Upon the Drosophila’s arrival, Longstroth helped set up a trap near McCallum’s U-Pick, where it collected pests for about five years. It’s used to catch the Drosophila, which are then examined by the MSU Extension. There are dozens of these traps across the region and the rest of the state.
The trap consists of a large plastic cup container with holes and apple cider vinegar inside to attract the flies. Inside near the top is a sticky card, which provides a surface on which to catch the flies and is normally replaced each week.
“Once the fly flies into the trap, it falls into the water and drowns,” Longstroth said. “It doesn’t keep the population down, but is gives us the opportunity to examine them. The males are easy to notice among other fruit flies because they have spots on the wings. We start catching a few flies in early June and they are dark-colored. Later in June and July we catch lighter-color flies. Those are the ones that hatched this year.”
Bill Shane, senior extension tree specialist with the MSU Extension, said the Drosophila has a great potential for expanding its population. Shane said he’s noticed Drosophila lay eggs when fruit first started to put on color.
That’s why he recommends farmers pick their fruit as soon as they ripen. Home owners with private gardens should also harvest every other day and can store fruit in the freezer after picking. The longer fruit is on the vine, the greater the chance of an infestation.
“This has become relevant in recent years because as the season goes on it becomes more of a problem,” Shane said. “The fall raspberries have become a problem specifically. By that time, there are so many spotted-wing Drosophila, you can’t grow without an ongoing insecticide program. For some people it has caused them to not grow fall raspberries.”
One way to determine if the fruit is infested is its condition. If the fruit is becoming softer at a faster pace than what’s typical or the surface appears dented, the crop should be checked. Shane said commercial growers evaluate the fruit by a salt test. They mix fruit in a bag with a salt solution and let it set for 20 minutes. The larvae, which are skinnier than typical for fruit flies, emerge from the fruit and are left suspended in the water.
A final solution
Longstroth and his colleagues are still studying what pesticides work best and how long they last.
They’ve begun to look for a predator to counteract the five-year infestation. Longstroth referenced the Japanese beetle, which came to Michigan and became a problem. However, he remembers a lot of them died out when natural predators built up to the necessary populations to keep them down.
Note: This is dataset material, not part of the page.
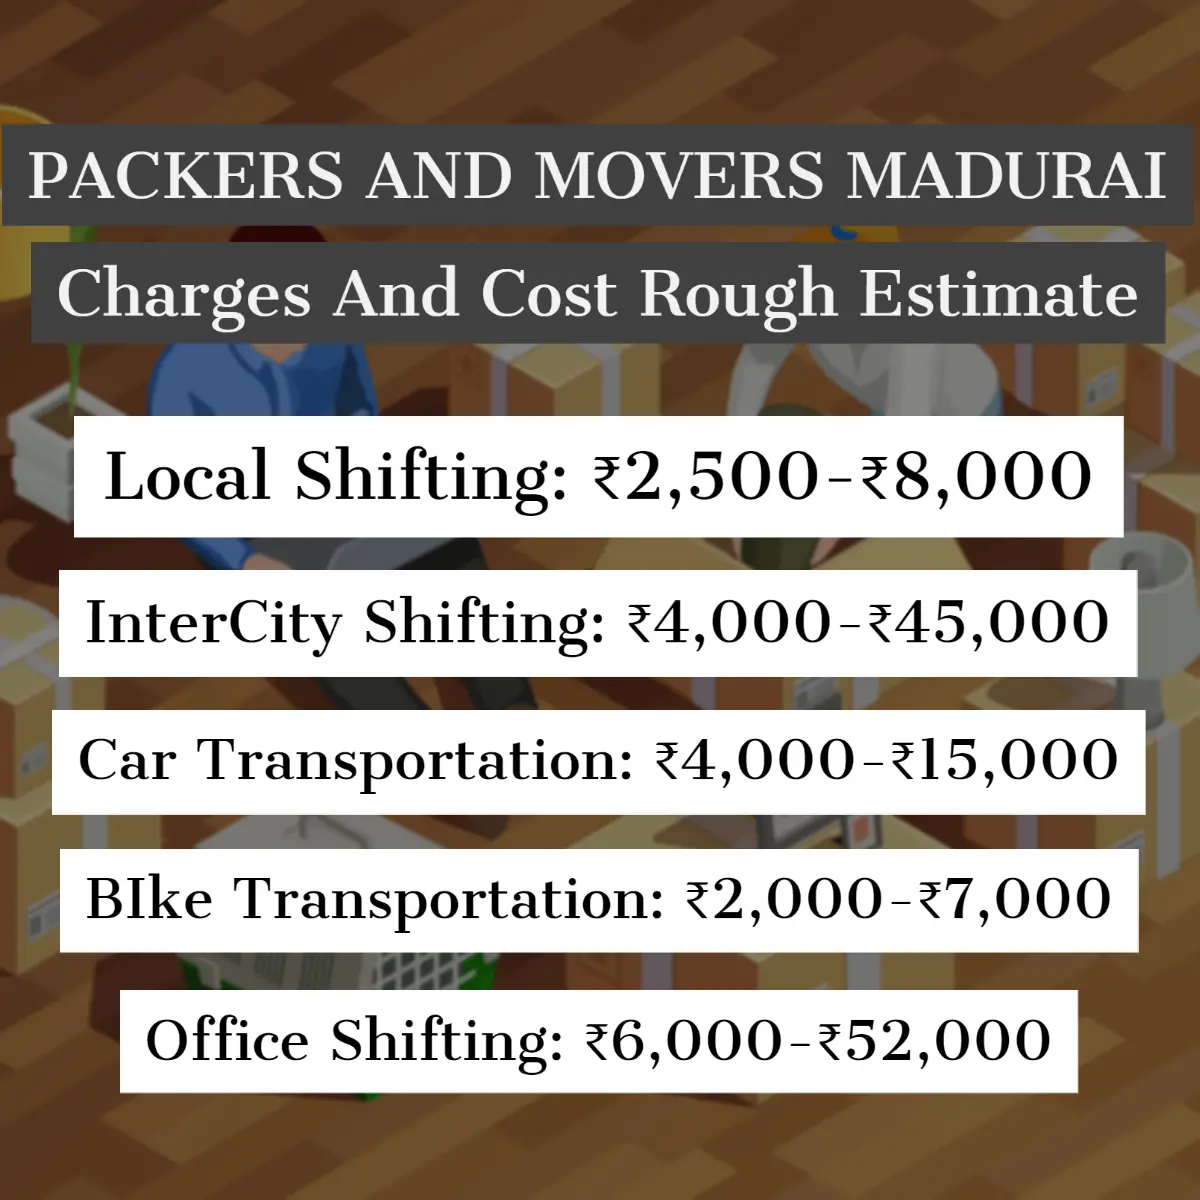 Packers and Movers Madurai Charges

“It’s been frustrating for the growers because we normally target a specific pest,” Longstroth said. “There’s a very specific control window that’s hard to find. We’ve had to do integrated pest management. That’s what we are forced to do and it’s messing up our other controls for other pests.”
Until another piece of the puzzle falls into place, its more collecting from traps and research. A response team that is focused on the spotted-wing Drosophila was formed to combine the expertise of MSU entomologists, horticulturists, Extension educators and Michigan Department of Agriculture staff. The team is also helping to coordinate research projects to understand how best to protect fruit from infestation by the new pest.
While the response team continues to collaborate, farmers across the country will have to be patient.
“There’s no known process to eradicate,” McCallum said Thursday, while inspecting a batch of raspberries. “Some institutions around the country are looking into finding a predator to attack any pests like the Drosophila. Until then all we can do is keep them at bay and hope for an outcome.”